Characterizing the Host and Symbiont Proteomes in the Association Between the Bobtail Squid, Euprymna Scolopes, and the Bacterium, Vibrio Fischeri
PloS One. 2011 | Pubmed ID: 21998678
The beneficial symbiosis between the Hawaiian bobtail squid, Euprymna scolopes, and the bioluminescent bacterium, Vibrio fischeri, provides a unique opportunity to study host/microbe interactions within a natural microenvironment. Colonization of the squid light organ by V. fischeri begins a lifelong association with a regulated daily rhythm. Each morning the host expels an exudate from the light organ consisting of 95% of the symbiont population in addition to host hemocytes and shed epithelial cells. We analyzed the host and symbiont proteomes of adult squid exudate and surrounding light organ epithelial tissue using 1D- and 2D-polyacrylamide gel electrophoresis and multidimensional protein identification technology (MudPIT) in an effort to understand the contribution of both partners to the maintenance of this association. These proteomic analyses putatively identified 1581 unique proteins, 870 proteins originating from the symbiont and 711 from the host. Identified host proteins indicate a role of the innate immune system and reactive oxygen species (ROS) in regulating the symbiosis. Symbiont proteins detected enhance our understanding of the role of quorum sensing, two-component signaling, motility, and detoxification of ROS and reactive nitrogen species (RNS) inside the light organ. This study offers the first proteomic analysis of the symbiotic microenvironment of the adult light organ and provides the identification of proteins important to the regulation of this beneficial association.

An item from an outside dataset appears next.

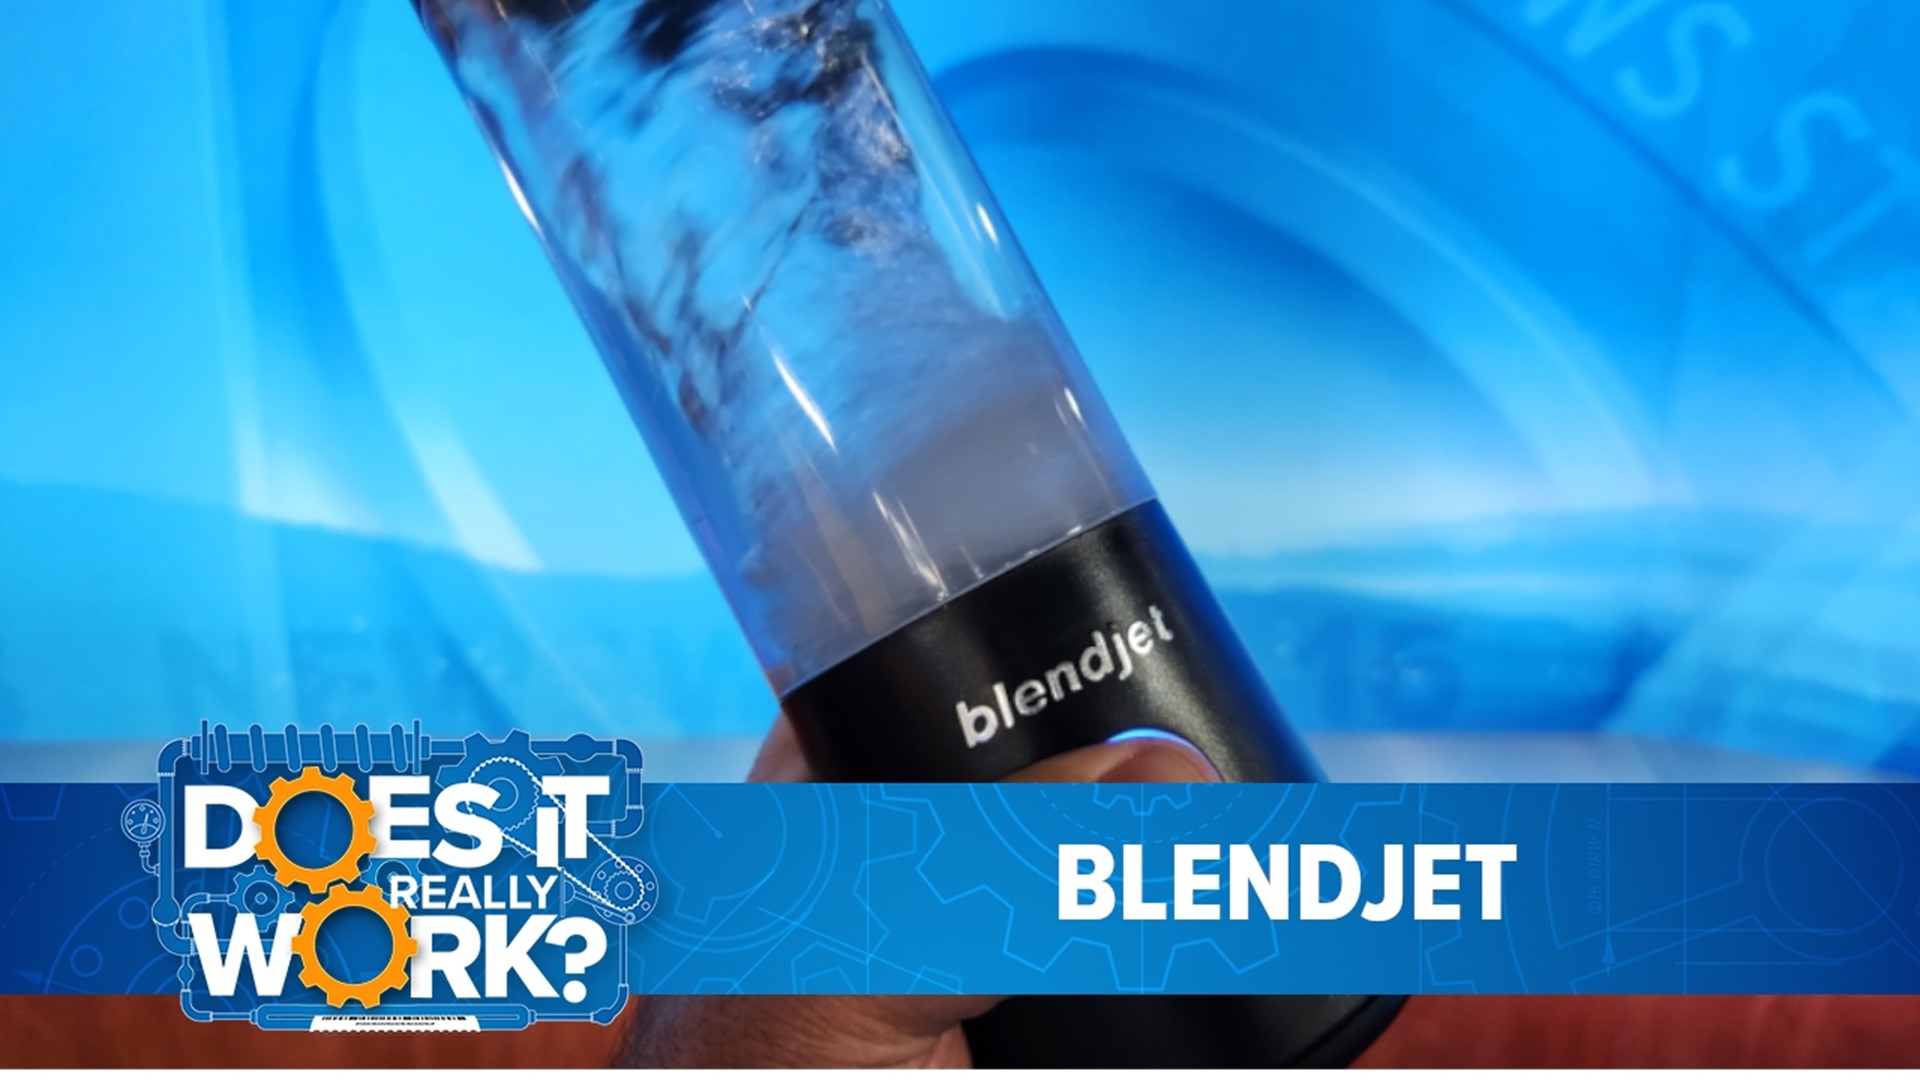 BlendJet Recalls Blenders Due to Fire, Laceration Risk

Draft Genome of Phaeobacter Gallaeciensis ANG1, a Dominant Member of the Accessory Nidamental Gland of Euprymna Scolopes
Journal of Bacteriology. Jul, 2011 | Pubmed ID: 21551313
Phaeobacter gallaeciensis strain ANG1 represents the dominant member of the bacterial consortium within the reproductive accessory nidamental gland (ANG) of the squid Euprymna scolopes. We present a 4.59-Mb assembly of its genome, which may provide clues as to how it benefits its host.